* **Exercise**:
Return all of the following entries as written, but without the images.

(Stored data)
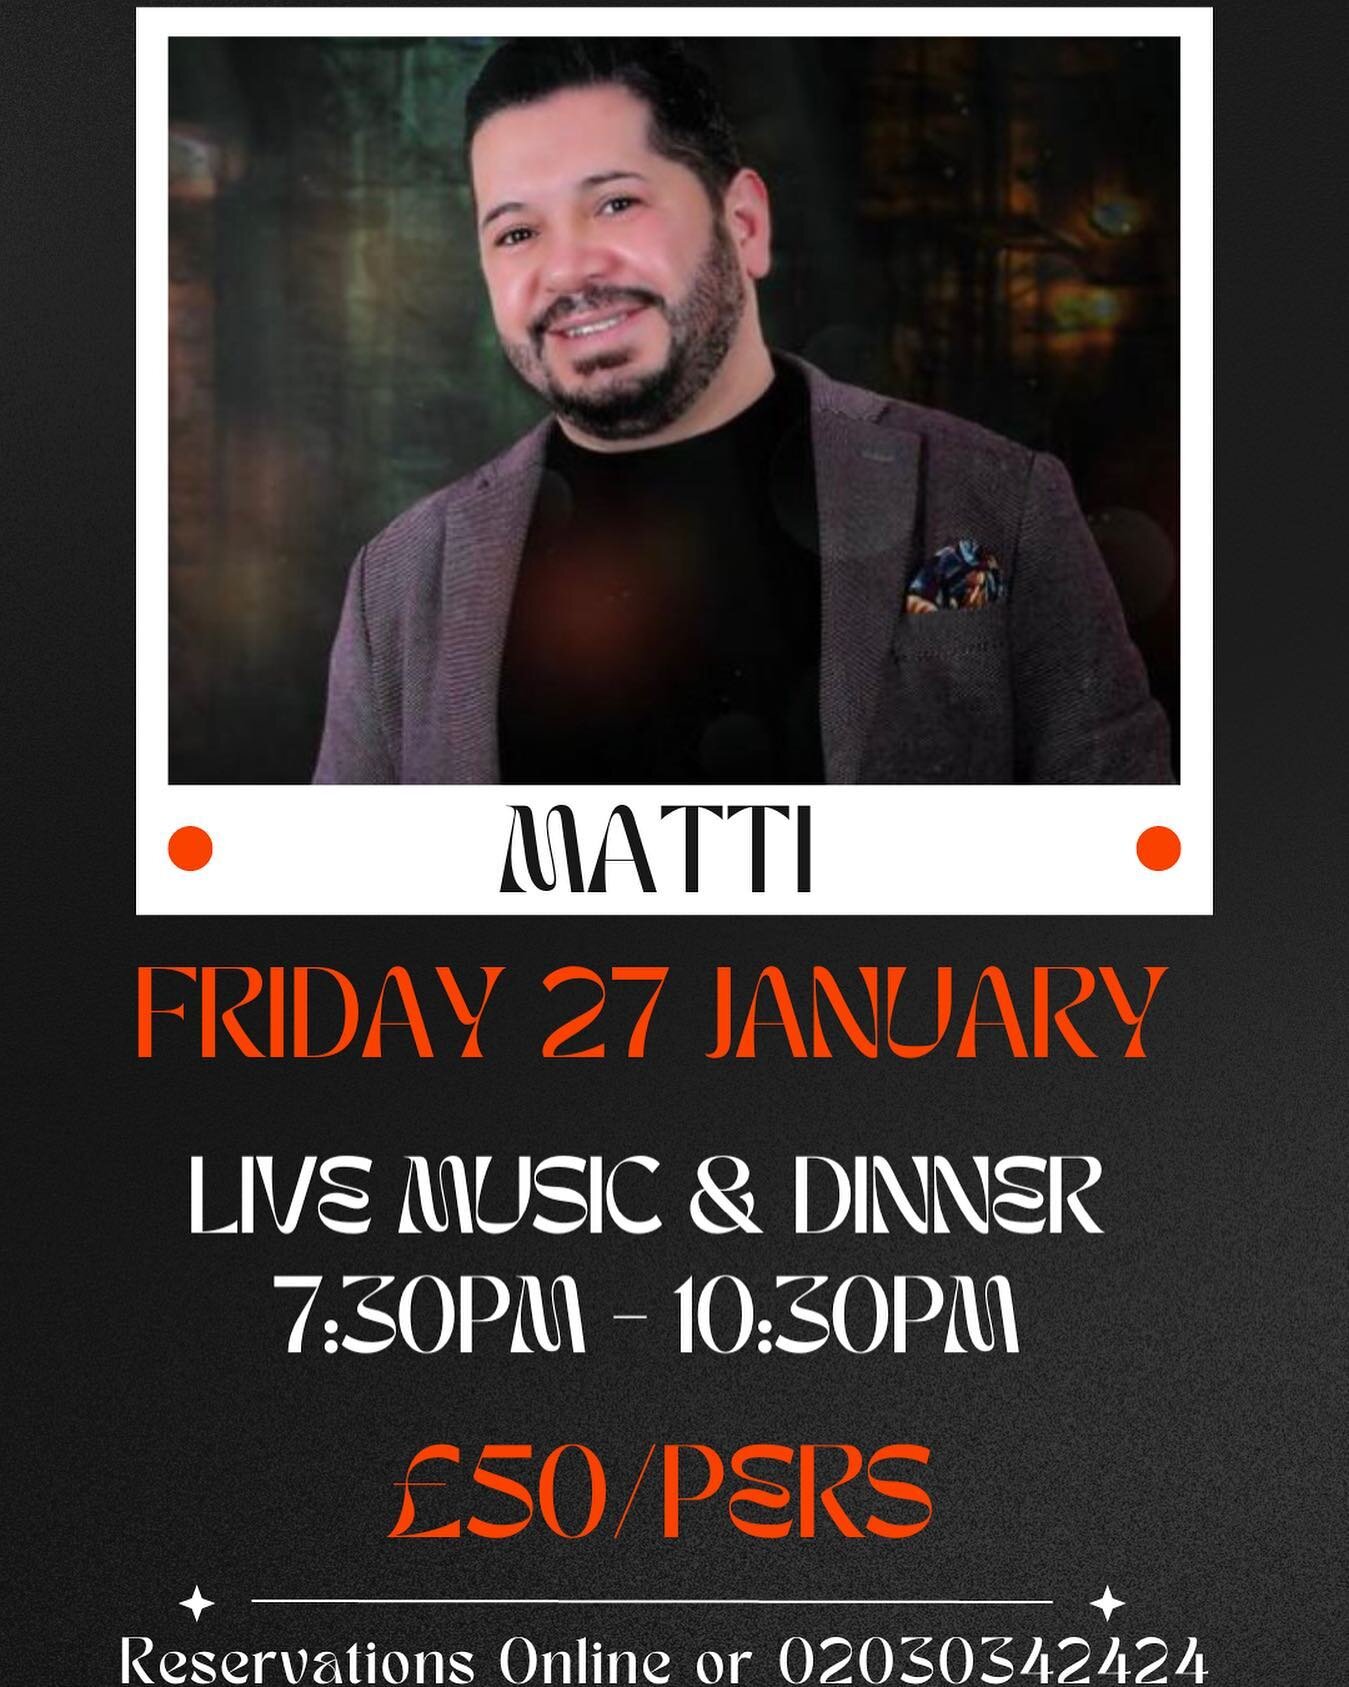 Come and join us for a lovely evening with Matti and his band, accompanied with our succulent mezzes and grills&hellip;Friday 27th of January. https://nourakingston.com/live-music-fridays

*
*
*

#food #foodporn #wedding #instafood #foodie #London #b

* **Written solution**:
 Come and join us for a lovely evening with Matti and his band, accompanied with our succulent mezzes and grills&hellip;Friday 27th of January. https://nourakingston.com/live-music-fridays

*
*
*

#food #foodporn #wedding #instafood #foodie #London #b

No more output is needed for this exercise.